重用Pre-Trained Embedding, 的代码Universal Sentence Encoder如下所示:

  !pip install "tensorflow_hub>=0.6.0"
  !pip install "tensorflow>=2.0.0"

  import tensorflow as tf
  import tensorflow_hub as hub

  module_url = "https://tfhub.dev/google/universal-sentence-encoder/4"
  embed = hub.KerasLayer(module_url)
  embeddings = embed(["A long sentence.", "single-word",
                      "http://example.com"])
  print(embeddings.shape)  #(3,128)

For more information the Pre-Trained Embeddings developed and open-sourced by Google, refer TF Hub Link.

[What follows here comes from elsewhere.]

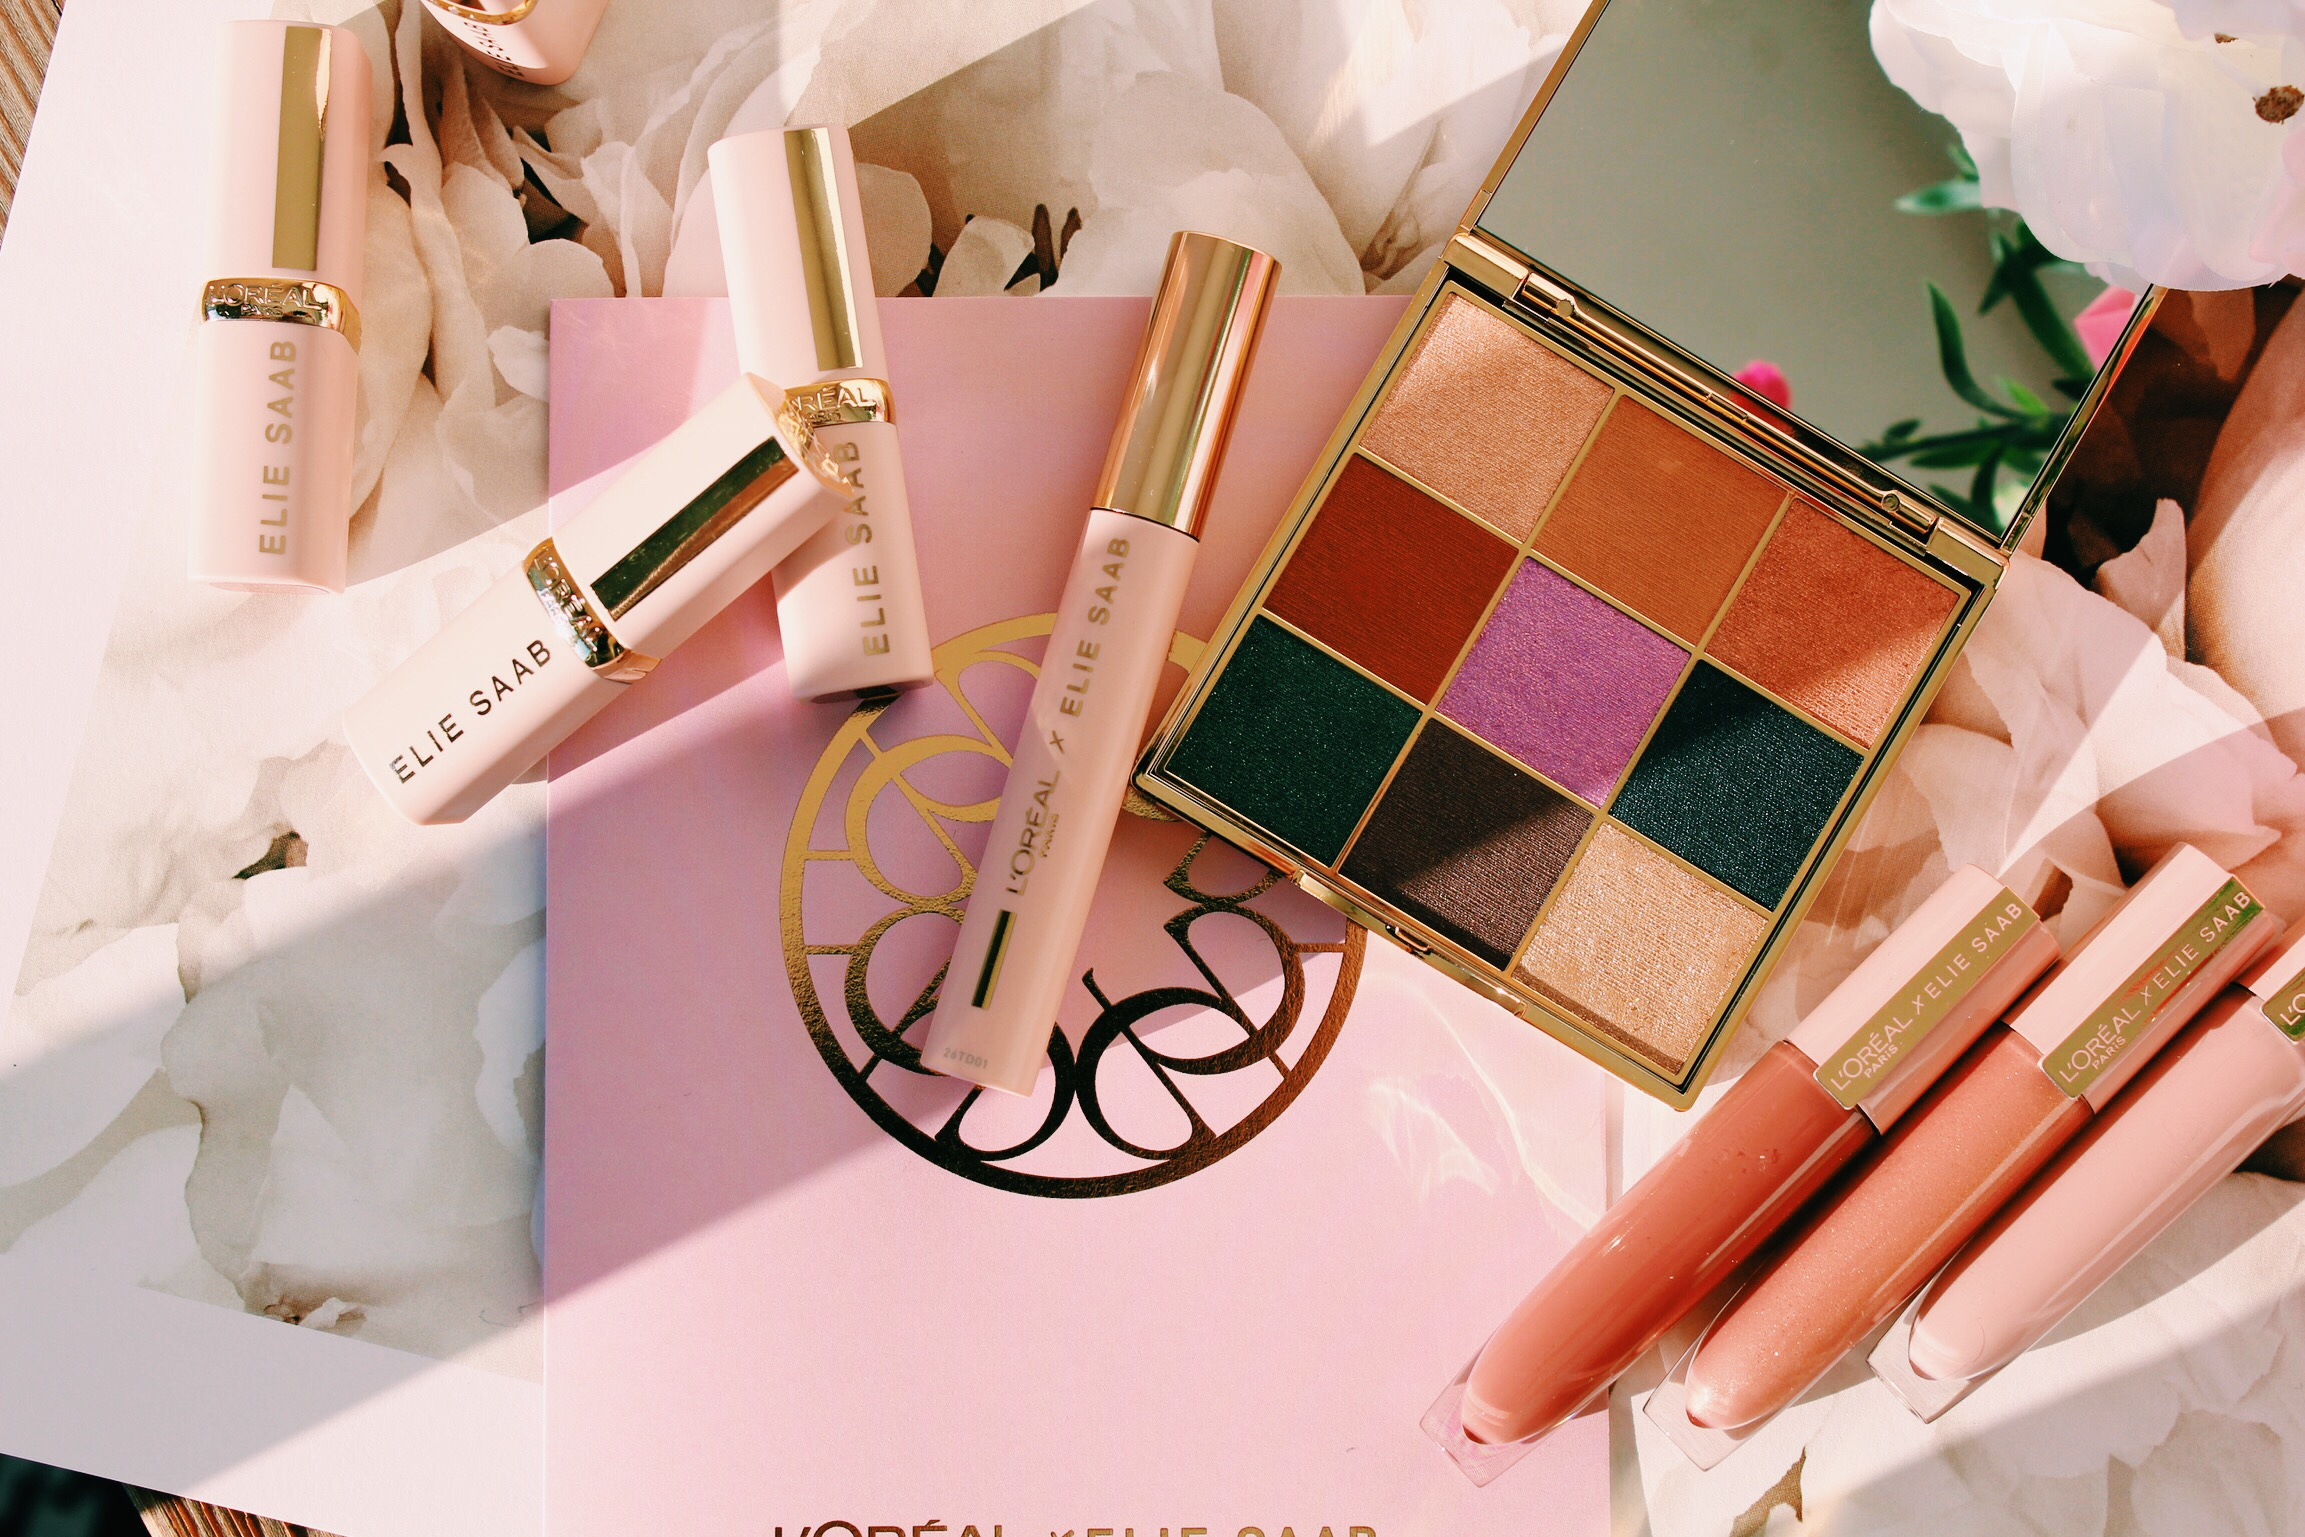 Luxuriöse Kollektion von L'Oréal x Elie Saab

有关由 Google 开发和开源的 Pre-Trained Embeddings 的更多信息,请参阅TF Hub Link

回答by Fei Yan

With tensorflow version 2 its quite easy if you use the Embedding layer

如果您使用 Embedding 层,那么使用 tensorflow 版本 2 就很容易了

X=tf.keras.layers.Embedding(input_dim=vocab_size,
                            output_dim=300,
                            input_length=Length_of_input_sequences,
                            embeddings_initializer=matrix_of_pretrained_weights
                            )(ur_inp)

回答by Aaditya Ura

I was also facing embedding issue, So i wrote detailed tutorial with dataset. Here I would like to add what I tried You can also try this method,

我也面临嵌入问题,所以我用数据集写了详细的教程。这里我想补充一下我试过的你也可以试试这个方法,

import tensorflow as tf

tf.reset_default_graph()

input_x=tf.placeholder(tf.int32,shape=[None,None])

#you have to edit shape according to your embedding size


Word_embedding = tf.get_variable(name="W", shape=[400000,100], initializer=tf.constant_initializer(np.array(word_embedding)), trainable=False)
embedding_loopup= tf.nn.embedding_lookup(Word_embedding,input_x)

with tf.Session() as sess:
        sess.run(tf.global_variables_initializer())
        for ii in final_:
            print(sess.run(embedding_loopup,feed_dict={input_x:[ii]}))

Here is working detailed Tutorial Ipython exampleif you want to understand from scratch , take a look .

这里是详细的教程Ipython 示例,如果您想从头了解,请看一看。